# How to tell the age of a tortoise



## leahmae2079 (May 20, 2017)

Hello! I'm new to the tortoise world and have got a baby leopard tortoise. The shop I got him from was unsure of the age of him ( I call it a him as I liked the name humphrey). On a previous message they said 6 months but for a leopard he seems really small for 6 months. His shell is also a little soft but I will be getting chalk lumps and supplements. I was wondering if anyone could give a rough estimate on the age of him? Thanks


----------



## Tom (May 20, 2017)

The only way to know the age is to know the hatch date.

Most people do not start this species correctly and the dehydration slows their growth tremendously and sometimes does internal organ damage too.

Take a close up shot of the tip of the snout. Look for the egg tooth. If there is still an egg tooth, my educated guess would be that this tortoise is less than 6 weeks old. No egg tooth would mean more than 6 weeks old. This is the only way I know of to estimate the age of such a small one. It could be 12 months old and it just hasn't grown, or it could have hatched two weeks ago.

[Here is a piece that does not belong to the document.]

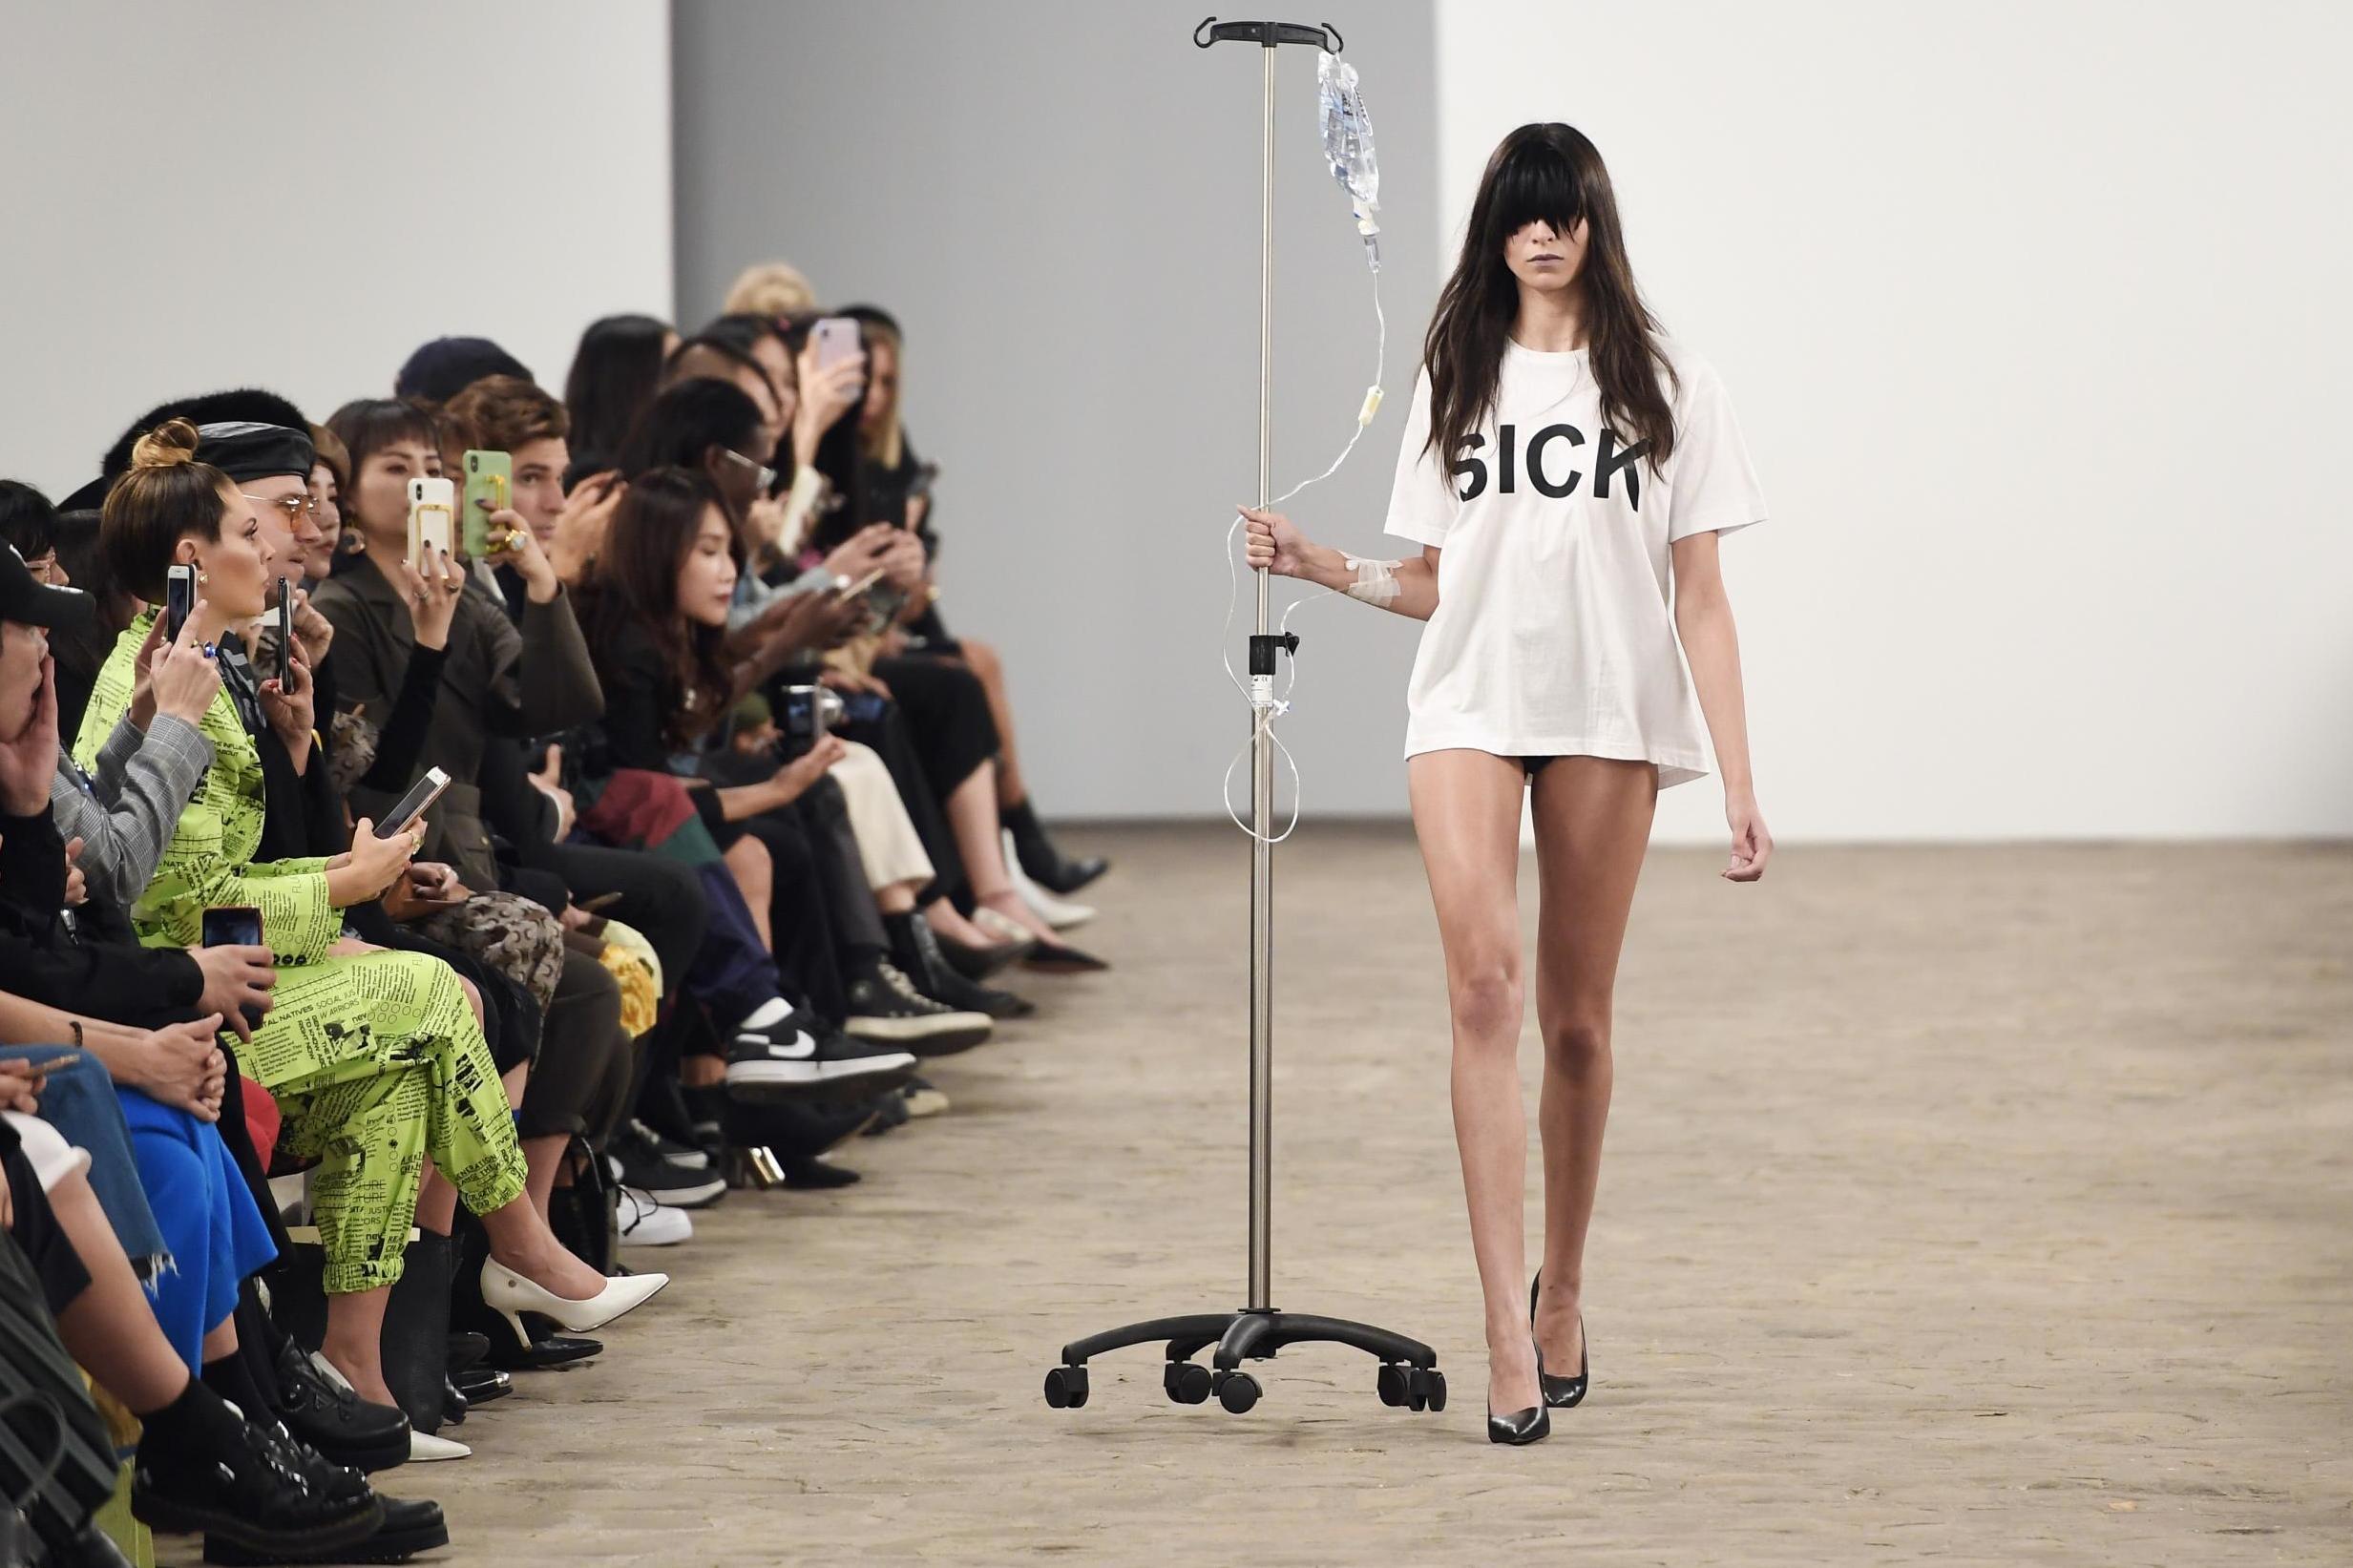 Kimhēkim: Fashion brand criticised for using IV drips in runway show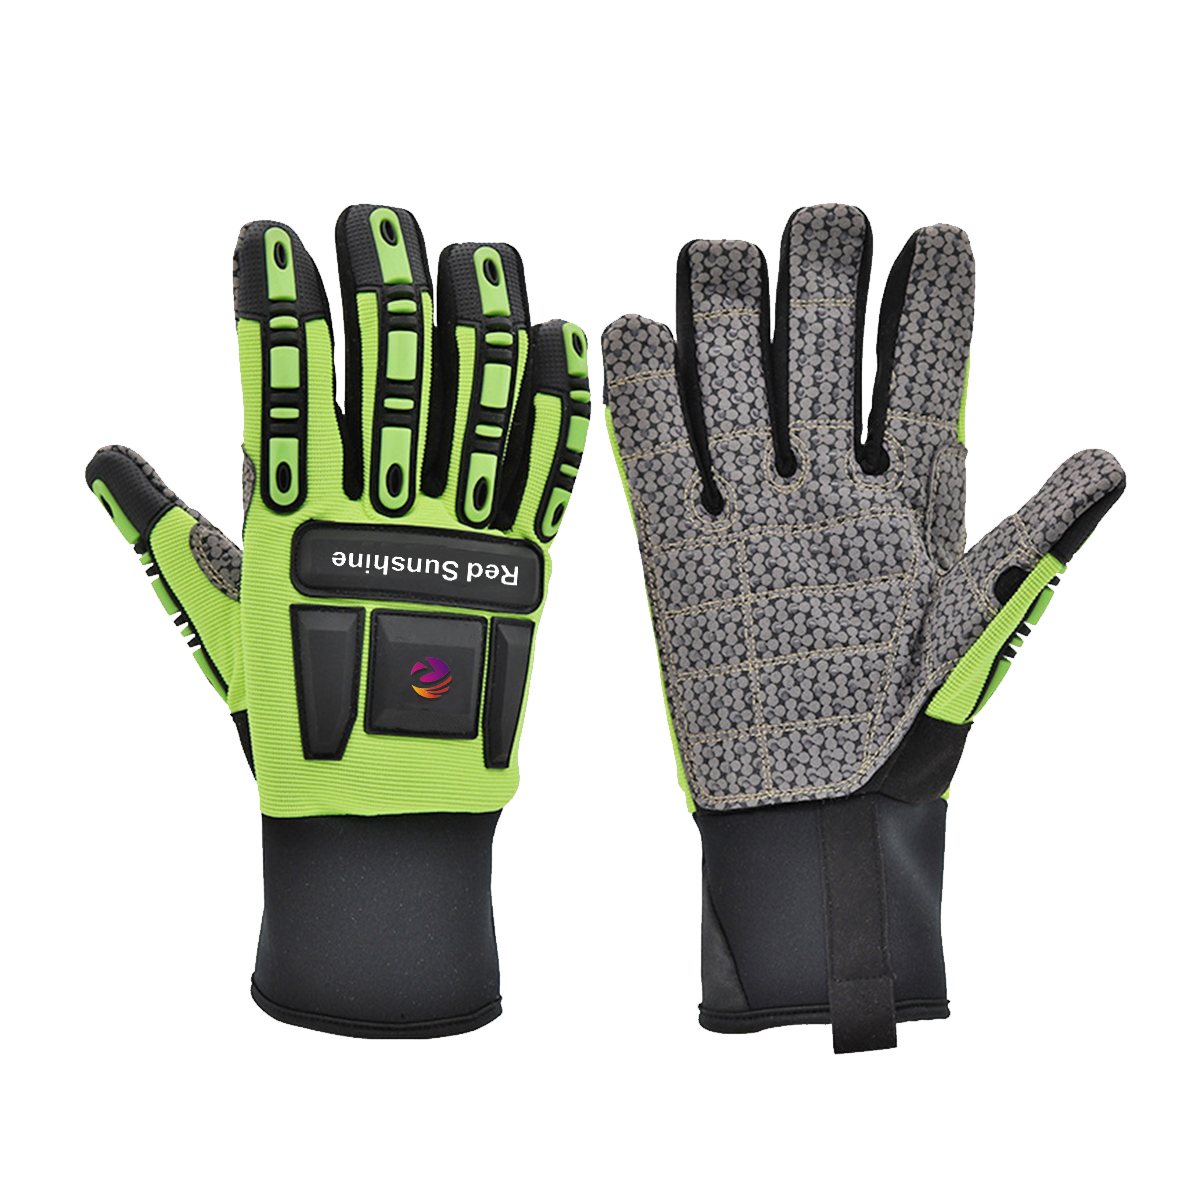 High quality Silicone Coated Palm Impact resistant Gloves TPR Work Mechanic Safety Gloves oil and gas gloves

Here is the correct care info for this species. Most of what you read out there in the world is wrong:
http://www.tortoiseforum.org/threads/how-to-raise-a-healthy-sulcata-or-leopard-version-2-0.79895/
http://www.tortoiseforum.org/threads/beginner-mistakes.45180/


----------



## deadheadvet (May 20, 2017)

young.


----------



## Yvonne G (May 20, 2017)

Six months is a little on the high side. There's not much new growth from when he hatched out of the egg.


----------



## Dogo (May 18, 2019)

Idk either but i was wondering the same thing about my sulcata tortoise


----------



## flowerlab (May 21, 2019)

Wish I could, wow! Good looking guy.


----------



## TammyJ (May 24, 2019)

He is a beautiful little guy! Make sure you read the stuff about the correct humidity level and temperatures for that species.


----------